The writer got into conversation in the train with a gentleman. He turned out to be an infidel. Testimony was adduced for the great fact of the resurrection of Christ. With a shudder the infidel replied in these exact words, “If you can prove the resurrection of Christ, I am bound to be some sort of a Christian.”

We can well understand his reply. The resurrection of Christ was miraculous and perfectly unique. That proved, Christianity is proved and infidelity disproved. It was God’s answer to all that He had claimed to be and to have done. It put the coping stone on His life and death. It was God’s great AMEN to every word that He had said on earth, every claim that He made, and above all it was the proof that the death of the Lord was accepted as sufficient atonement for sin.

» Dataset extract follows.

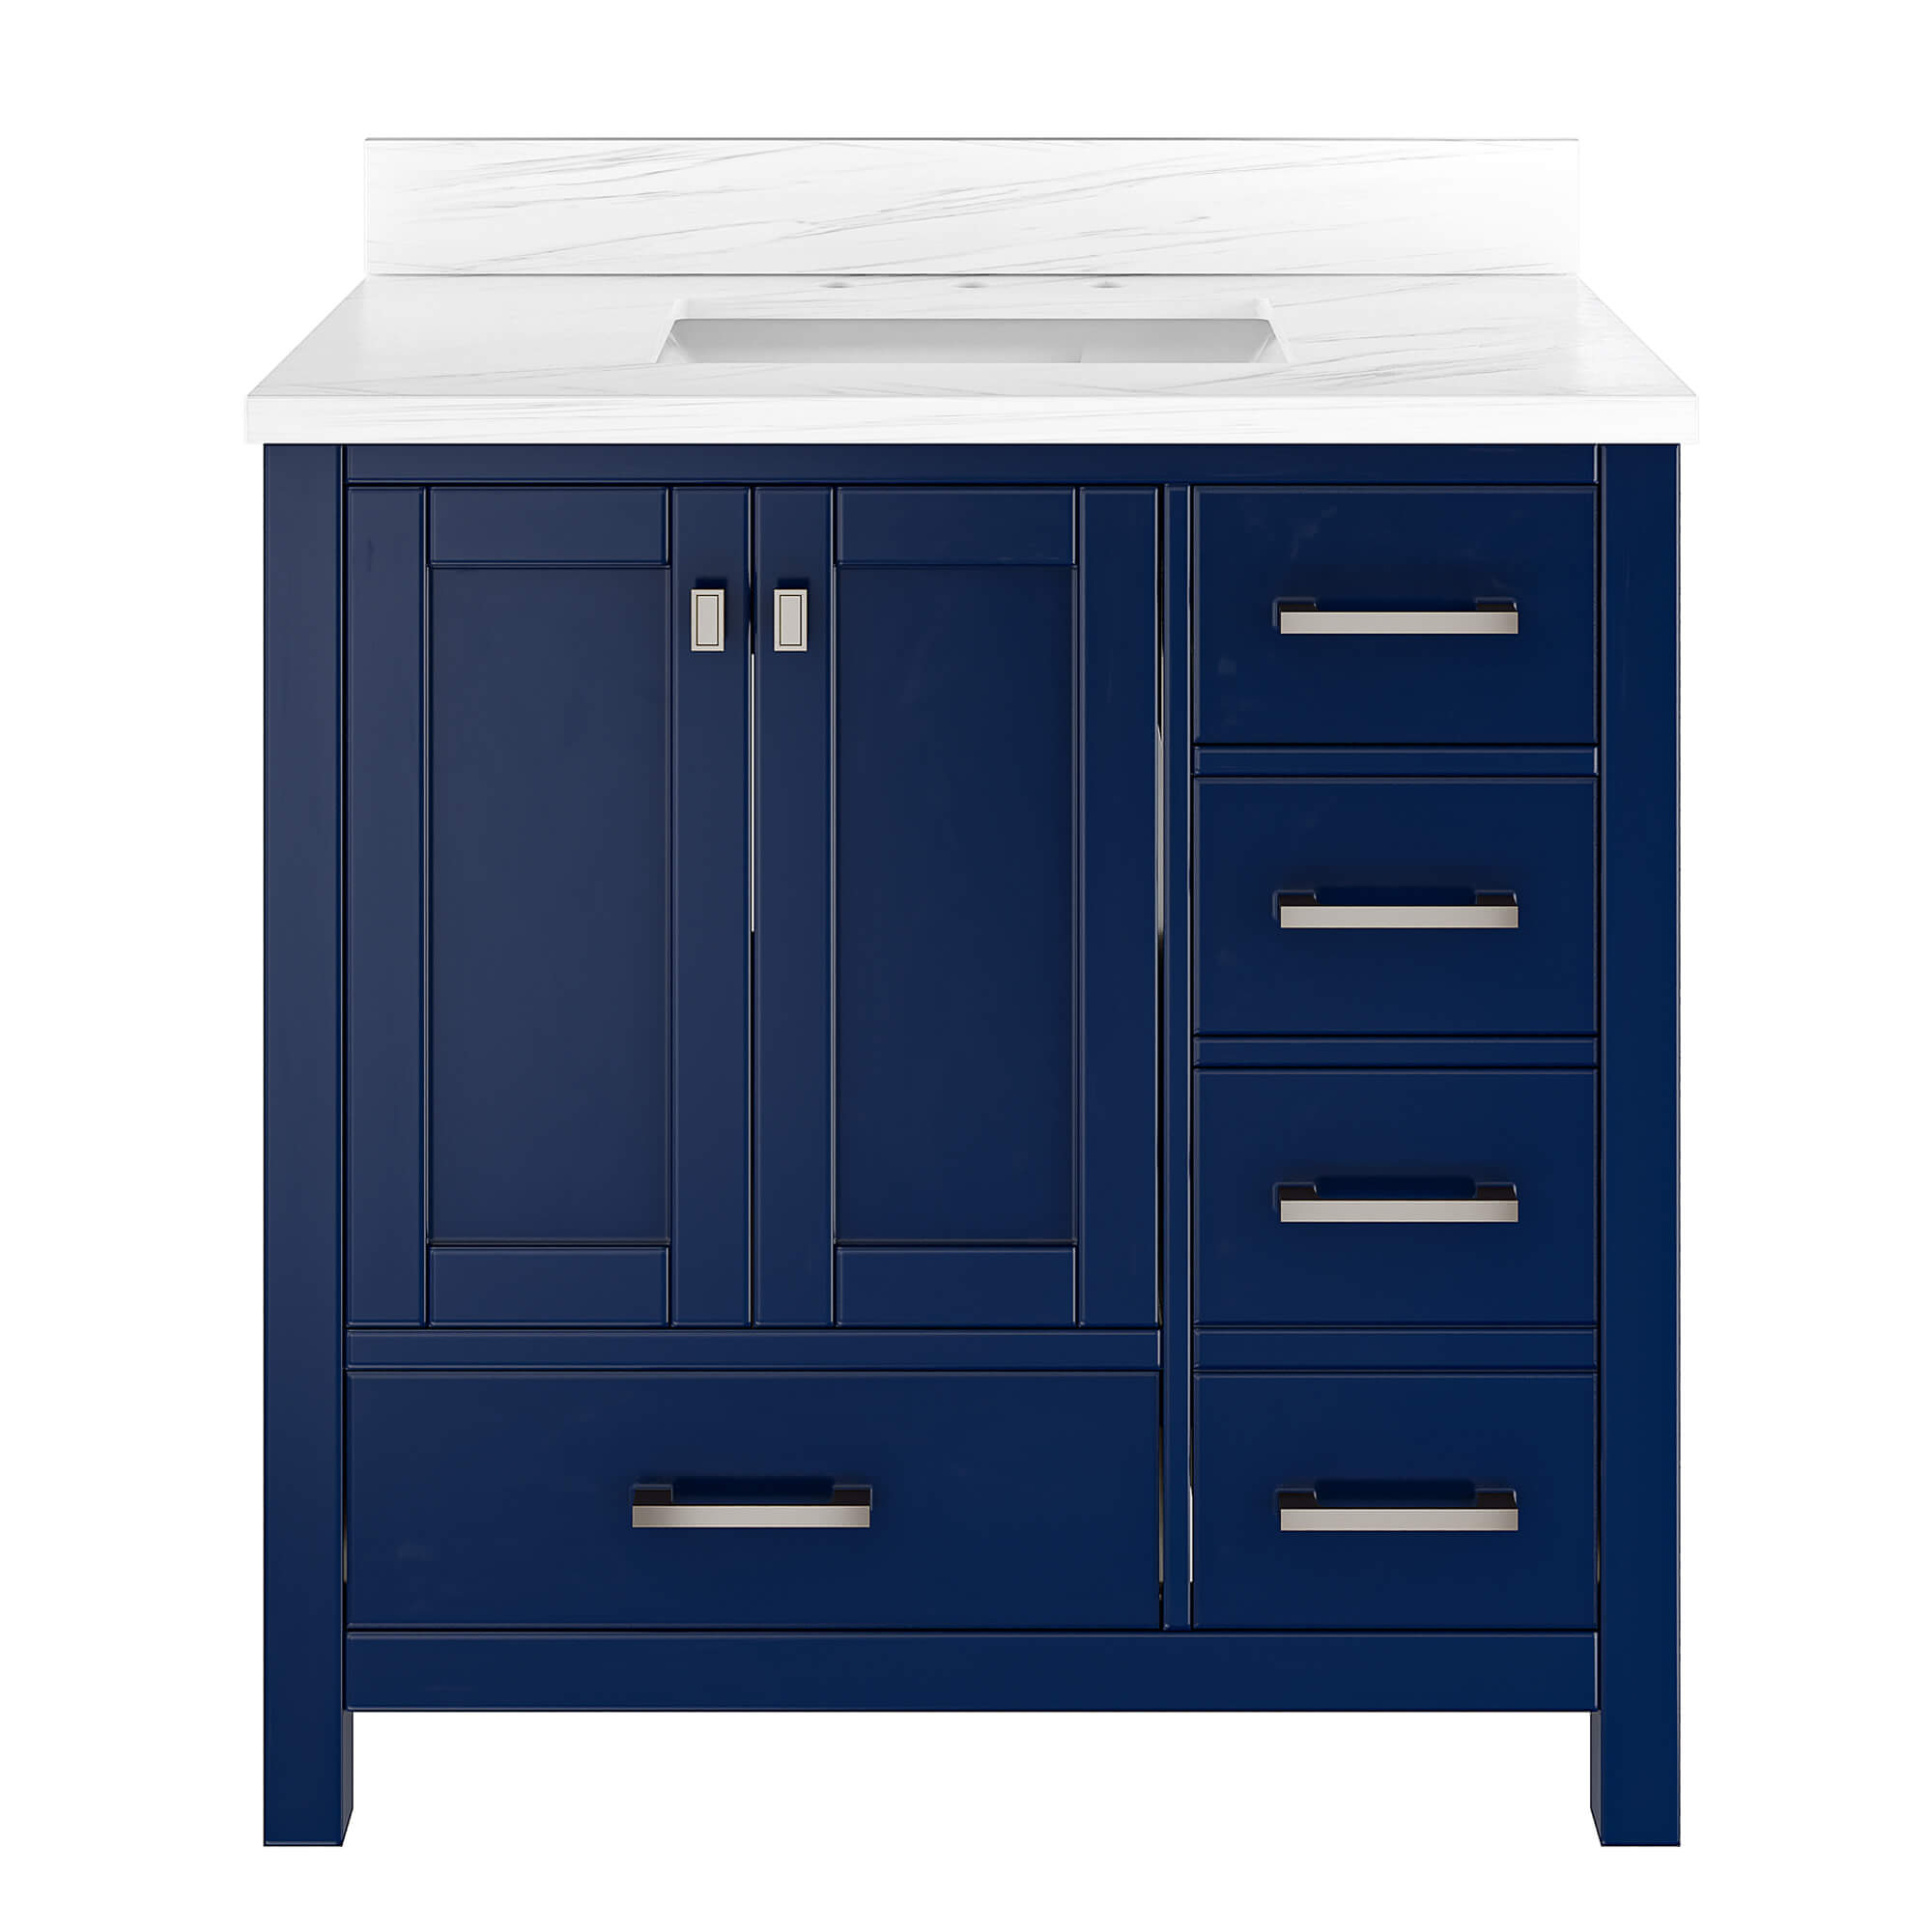 CASAINC 36 x 22 x 35.4 in. Solid Wood Navy Blue Bath Vanity with Carrara White Marble Countertop (No/With Mirror)

The resurrection is one of the great pillars of the Christian faith. We might almost describe Christianity as resting upon a tripod, consisting of the Person of Christ, His death and His resurrection. If His Person was not all that the Scriptures claim it to be, His death must have been an immense failure and His resurrection an absolute impossibility. If His death had not satisfied God about the whole question of sin, then again, the resurrection was an impossibility. On the other hand if His Person was all the Scriptures claim it to be, and His work that which satisfied God about the sin question, then the resurrection was a glorious necessity, the insistent demand of righteousness.

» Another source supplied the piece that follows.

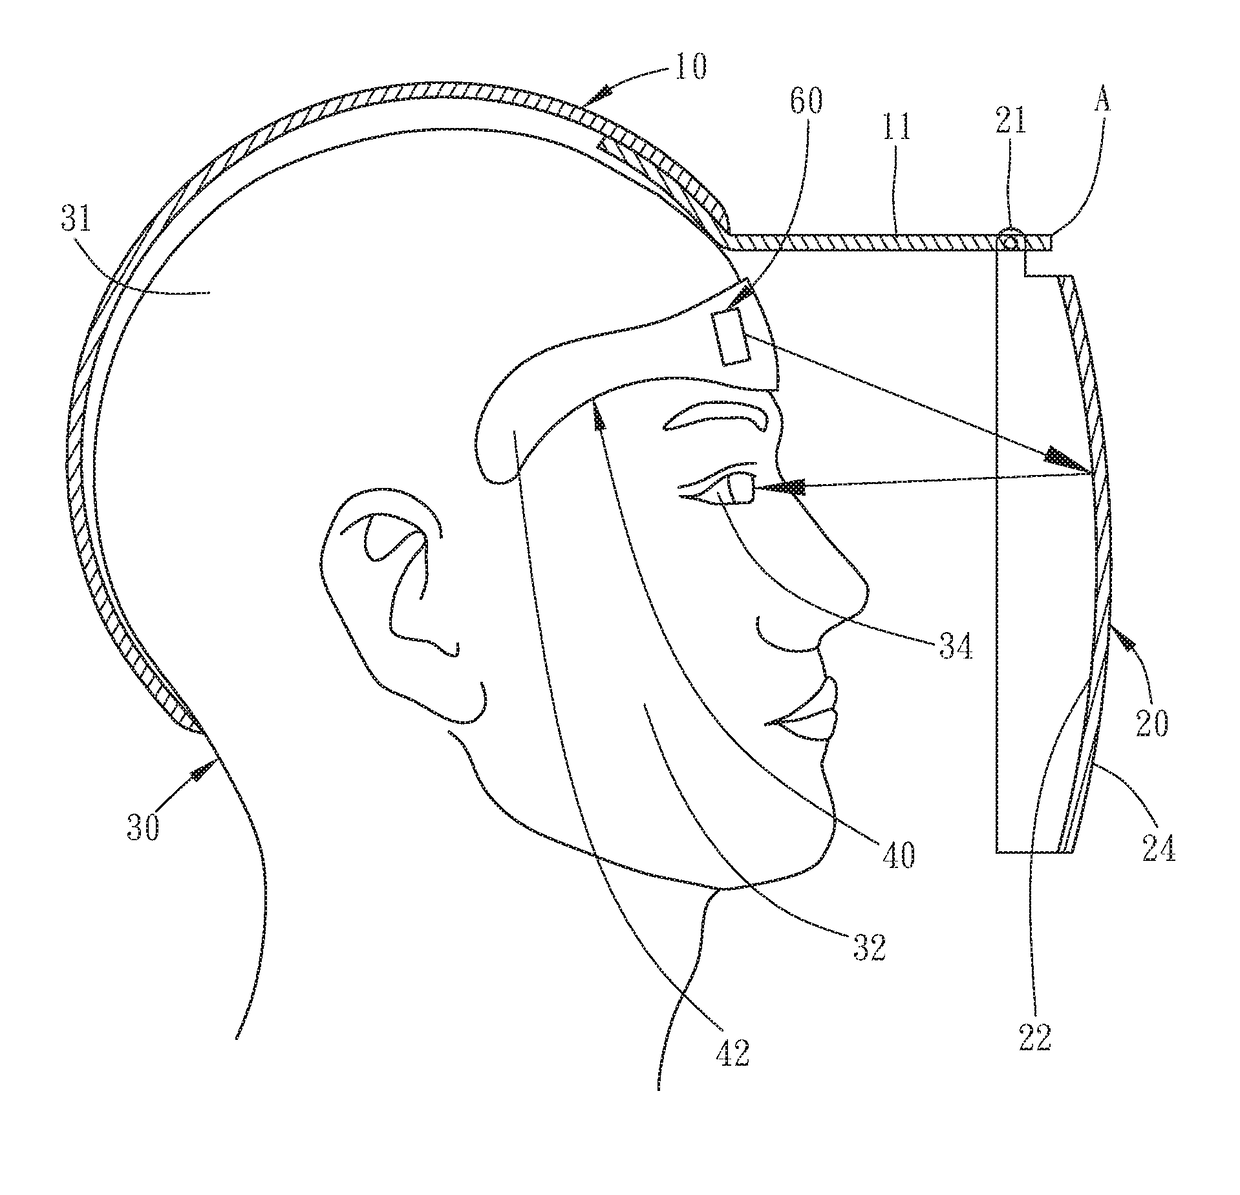 Head-mounted equipment capable of displaying images

A remarkable letter was recently published in The Times from the pen of Lord Daryngton, known formerly as Mr. Pike Pease, at one time Postmaster General. It runs as follows:
  “Sir—Having been very much impressed by the two remarkable articles published in The Times relating to the evidence of the Resurrection of our Lord, I should like to mention the reply given by the late Lord Salisbury to someone who wrote to him asking him for his reason for his faith in Christianity. It should be remembered that he was not only a statesman, but a scientist of no mean capacity. He said that the central point of his faith was the Resurrection of Christ, in which he believed:
  First, because it was testified to by men who had every opportunity of seeing and knowing, and whose veracity was tested by the most tremendous trials both of energy and endurance during long lives.
Secondly, because of the marvellous effects it had upon the world. He said that as a moral phenomenon the spread and mastery of Christianity were without a parallel, and added that he could no more believe that colossal moral effects lasting for 2,000 years could be without a cause than he could believe that various motions of the magnet were without a cause though he could not wholly explain them. He thought that anyone who believed in the Resurrection of Christ found little difficulty in believing in the rest of the story in the Gospels, and that no one who believed that would doubt that St. Matthew, St. Peter, St. Paul, St. Mark and St. John carried a Divine message.
If you can find space for this letter I shall be grateful, believing that testimony such as this is of special value at the present time.
  Your obedient servant,
  DARYNGTON.”

It has been often pointed out that no event in history has ampler proof than the resurrection of Christ. We write under date of 1930—that is 1930 years ago since Christ appeared. Is it not astounding that every day Christians and Infidels, Jews and Turks, Roman Catholics and Protestants, should all date their letters and business correspondence by the appearing of (as the world would say) an obscure carpenter’s son in an obscure village in an obscure country?

Yet so it is.

We, who are Christians, can understand the marvel for marvel it is. How is it that the impact of the Christian testimony by a handful of apostles, mostly “ignorant and unlearned,” has overridden the heathen pagan world and overcome the Jewish bigotry to this extent? Can we not read the secret in the mighty power of the Holy Spirit in this world? When Paul and Silas, two men with no organization behind them, with no committee of welcome, with no introductions to powerful prelates, entered pagan Thessalonica with a message that stirred the hatred of nearly all the inhabitants whether Jew or Gentile, it was said of them, “These that have turned the world upside down are come hither also” (Acts 17:6).

The Christian may well be an optimist. He may well be content that his faith is resting on settled facts, that he is on the winning side.